We therefore posit that during “stay at home” period, the following dietary practices may be beneficial:•a reduced meal frequency, regular meals and a long fasting period between dinner and breakfast (i.e. more than 12 h);•a reduced energy intake (from 15 up to 20–25%) compared to usual;•consumption of fresh vegetables (if possible), good quality protein sources (fish, poultry, lean meat);•at least 1.3 grams of good quality protein per kilogram of body weight (for an average subjects of 70 Kg it means 91 grams of protein, divided equally between meals);•moderate consumptions of seed and nuts and monounsaturated fat e.g. olive oil, due to the high energy content of fats;•avoid refined foods;•reduce the intake of high glycaemic index, glycaemic load and/or high insulinemic foods;•consume more energy during breakfast (about 40%), less during lunch (30%) and dinner (30%).

In these strange times that reflect some life habits of the mediaeval period, it may be useful to follow this twelfth-century recommendation: “Eat like a king in the morning, a prince at noon, and a peasant at dinner”

Take-home messages

Neuromuscular system

Sedentarism causes a very rapid loss of muscle mass, detectable after just two days from the onset of inactivity; after 10 days the loss of muscle mass is ∼ 6% and after 30 days ∼10%

Inactivity also leads to degenerative changes of the neuromuscular system: signs of damage to the neuromuscular junction are found after just 10 days and signs of denervation can be observed after just 3-days of inactivity

Daily exercise is essential for counteracting the effects of inactivity: low to medium-intensity, high volume resistive exercise seems ideal for preventing neuromuscular degeneration, maximising protein synthesis and combating muscle atrophy

Neuromuscular integrity is closely linked to mitochondrial function, hence a combination of aerobic as well as low-intensity, high-volume strength training are likely to afford protection against neurodegenerative changes and muscle atrophy

Muscle protein metabolism

Physical inactivity and time spent sitting increase risk of poor metabolic health, functional decline and all-cause mortality

Suppression of muscle protein synthesis is the primary driver of muscle mass loss during immobilisation or step count reduction in young, healthy people, and is evident within days

The precise cellular and molecular mechanisms responsible for the decline in muscle mass observed during immobilisation in humans remain to be elucidated

We do not yet fully understand the interaction between ageing processes and inactivity induced muscle mass loss

The precise relationship between exercise dose (daily frequency and intensity) and muscle mass retention during prolonged periods of immobilisation or inactivity is not yet clear, but muscle contraction is a very effective countermeasure to dampen muscle mass loss during inactivity in young volunteers, although maybe less so in older people

It will take several months to restore muscle mass loss completely following prolonged periods of inactivity or immobilisation in the absence of structured rehabilitation exercise

Glucose homeostasis

Skeletal muscle has a pivotal role in inactivity-induced insulin resistance

Inactivity leads to a specific reduction in muscle insulin sensitivity without affecting that of the liver

Just few days of step-reduction can induce insulin resistance

Changes in insulin sensitivity precede muscle atrophy and changes in body composition

Start monitoring your physical activity (smart-phone, wearables)

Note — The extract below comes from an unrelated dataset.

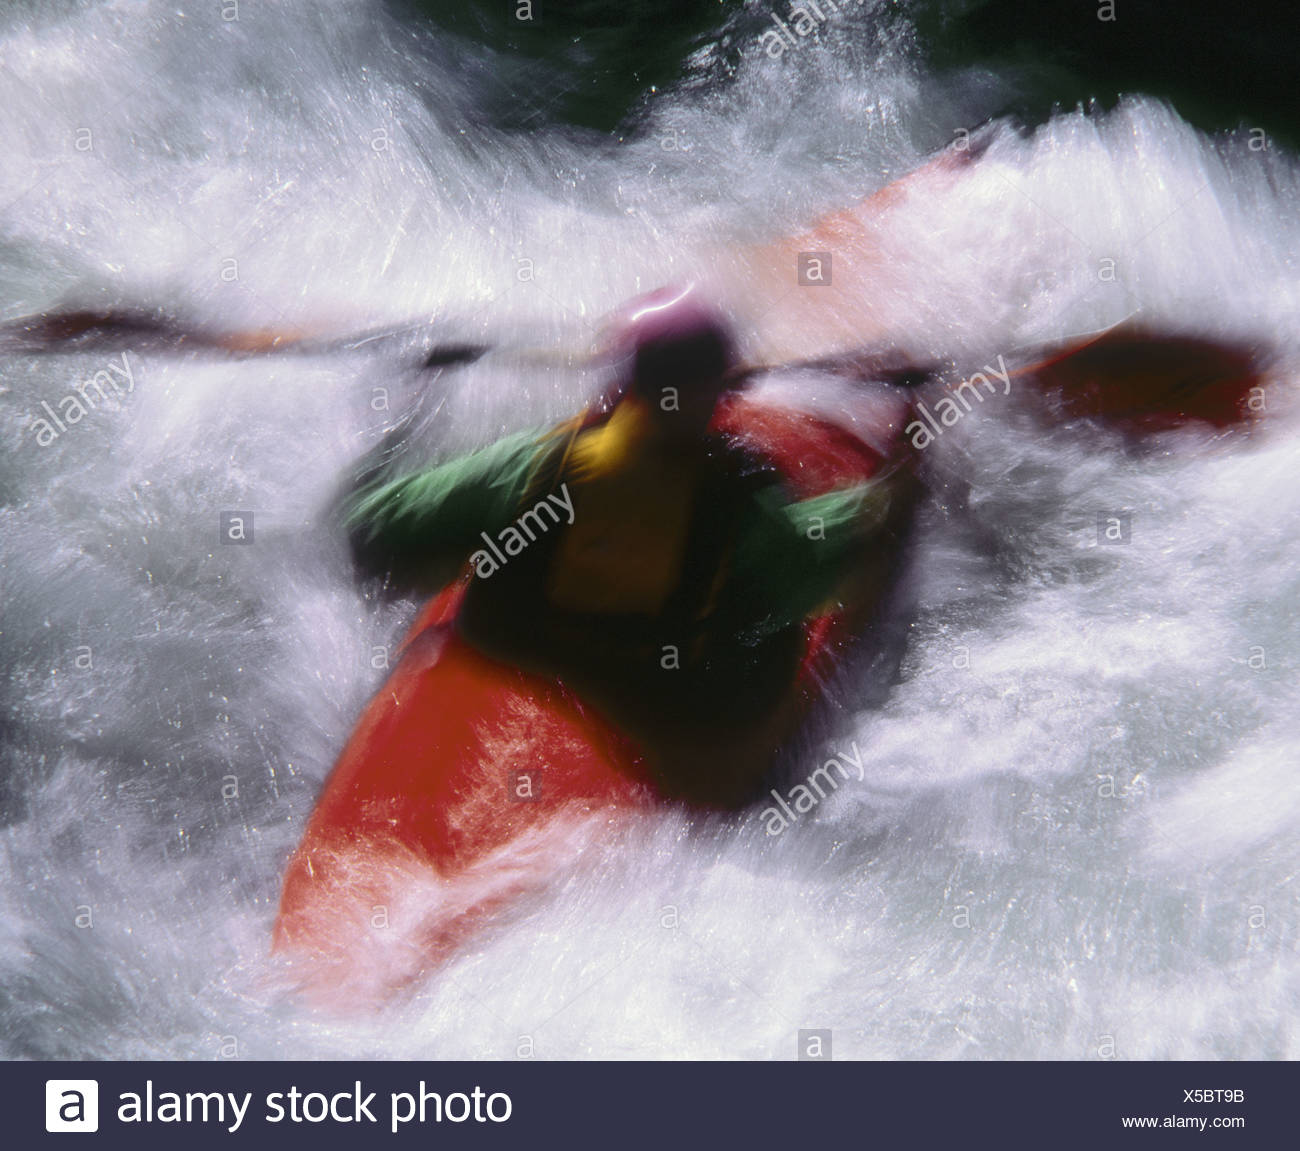 action man kayak

Strive to achieve >5000 steps per day

Any form of energy expenditure is of help to avoid the deleterious effects of sedentarism;

If possible, go outside in the nature (walking, jogging, running)

The advices are important for all, but particularly important for people at risk of diabetes (family history of diabetes) and cardio-vascular disease (elevated blood pressure, overweight/obese, elevated cholesterol, smokers)

Cardiorespiratory system

A reduced level of physical activity is inevitably associated with a reduced “cardiorespiratory fitness”, as estimated by the maximal O2 uptake (VO2max) or by other variables

Various steps along the O2 pathway are impaired by inactivity, from central and peripheral cardiovascular function to skeletal muscle oxidative metabolism

During profound inactivity the rate of loss of VO2max (about −0.5%/day) is similar to that described in bed rest studies. An accelerated decrease may occur in middle-aged and elderly subjects

A lower or decreased VO2max is associated with an increased mortality

The minimum amount of aerobic exercise needed to counteract the VO2max decrease due to inactivity is not clear. More research is needed. A reasonable estimate could be 4500–6000 steps/day

Energy balance, inflammation, lean and fat body mass

Overfeeding and excess fat deposition in healthy sedentary persons is associated with greater muscle loss and activation of systemic inflammation, leading to development of cardio-metabolic risk

Increasing the awareness of physiological and psychological mechanisms of overfeeding will contribute to the maintenance of energy balance and metabolic health of sedentary persons

Bed rest or inactivity in patients with diseases or in subjects in stressed conditions (e.g. strict home confinements or extreme environments) may be associated with decreased energy intake, rapidly leading to muscle wasting. Nutritional support and/or anabolic countermeasures may be required

Nutritional intake, metabolism and body composition

Subjects requested to stay at home during this time of social distancing and isolation reduce their daily activity-induced energy expenditure up to 35–40%;

The obligation to stay at home, the high number of tv “on-demand” channels, the increase of spare time, boredom and hunger represent the “perfect storm” for a dramatic future increase of metabolic diseases;

Practical suggestions

Reduce the daily energy intake (from 15 up to 20–25%) compared to usual;

Consume more fresh vegetables (if possible), good quality protein sources (fish, poultry, lean meat);

Consume at least 1.3 grams of good quality protein per kilogram of body weight.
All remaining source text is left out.